Self-testing in embedded systems: Hardware failure
All electronic systems carry the possibility of failure. An embedded system has intrinsic intelligence that facilitates the possibility of predicting failure and mitigating its effects. This two-part series reviews the options for self-testing that are open to the embedded software developer, along with testing algorithms for memory and some ideas for self-monitoring software in multi-tasking and multi-CPU systems. In this first part, we look at self-testing approaches to guard against hardware failure. In part two, we'll look at self-testing methods that address software malfunctions.
Embedded software can be incredibly complex, so the possibilities for something going wrong are extensive. Add to this the complexity and potential unreliability of hardware, and system failure seems almost inevitable. And yet, most systems are amazingly reliable, functioning faultlessly for months at a time. This is no accident. The reliability comes about through careful design in the first place and a tacit acceptance of the possibility of failure in the second.
Writing robust software, that is less likely to exhibit failure requires three issues to be considered:
- How to reduce the likelihood of failure
- How to handle impending failure (and maybe prevent it)
- How to recover from a failure condition
Four main points of failure
The first task is to identify the possible points of failure.

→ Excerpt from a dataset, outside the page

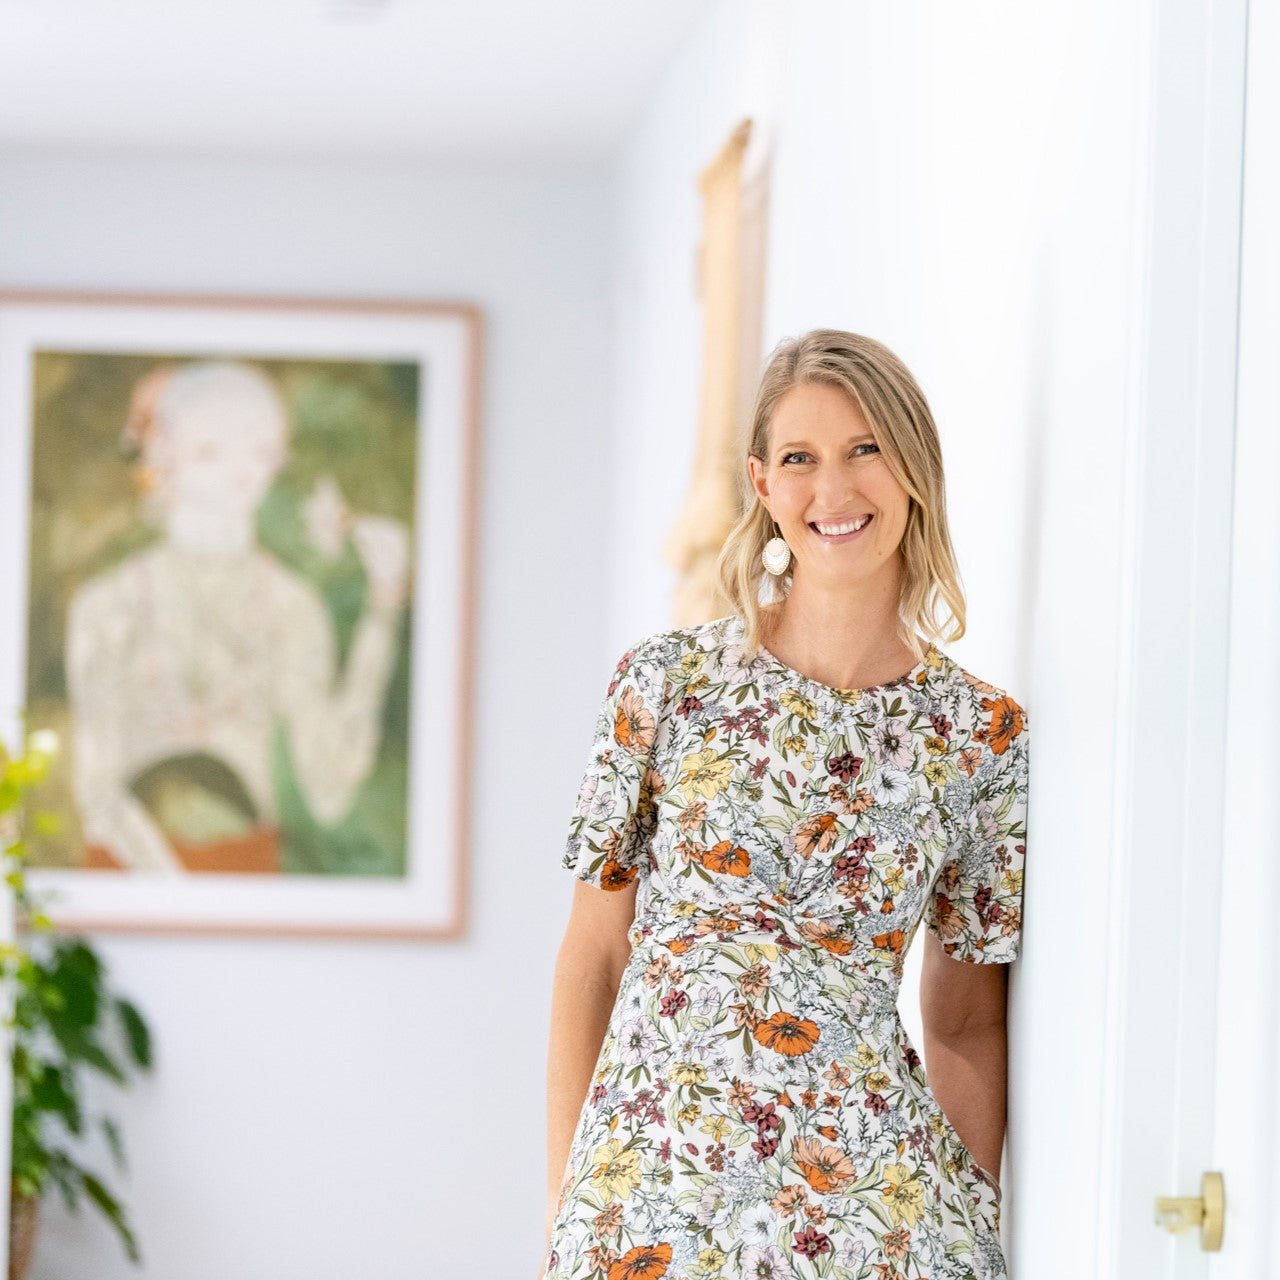 Anna, founder of Lighthouse Lane, the online store for best pendant lights. Anna is smiling directly at the camera and wears a floral summer dress.

There are broadly four possibilities where failure may occur:
- The CPU (microprocessor or microcontroller) itself
- Circuitry around the CPU or one or more peripheral devices
Each of these may be addressed separately.
Failure of just the CPU (or part of it) in an embedded system is quite rare. In the event of such a failure occurring, it is unlikely that any instructions could be executed, so self-testing code is irrelevant. Fortunately, this kind of failure is most likely to happen on power up, when the dead system is likely to be noticed by a user.
As multicore systems are becoming more common, the possibilities for CPUs to maintain a health check on one another arise. A simple handshake communication during initialization would suffice to verify that power-up failure has not occurred. Unfortunately, if all the cores are on the same chip, there is less likelihood of one of them failing in isolation.
An embedded system may have any amount of other electronics around the CPU and all of that can potentially fail. If it dies totally, the peripheral will most likely “disappear” – it no longer responds to its address and accessing it results in a trap. Suitable trap code is a good precaution.
Other possible self-testing is totally device dependent. A communications device, for example, may have a loopback mode, which facilitates some rudimentary testing. A display can be loaded with something distinctive so that an operator might observe any visible failures.
Given the enormous amount of memory in modern systems and the tiny geometry of the chip technology, it is surprising that memory failure is not a very frequent occurrence. There are two broad types of possible fault: transient and hard.
Transient faults occur from time to time and are virtually impossible to prevent. They are caused by stray radiation – typically cosmic rays – that randomly flip a single bit of memory. Heavy shielding might reduce their possibility, but this is not practical for many types of device. There is no reliable way to detect a transient fault itself. It is most likely to become manifest as a software malfunction, because some code or data was corrupted. Strategies for monitoring the health of software are discussed in part two of this two-part series.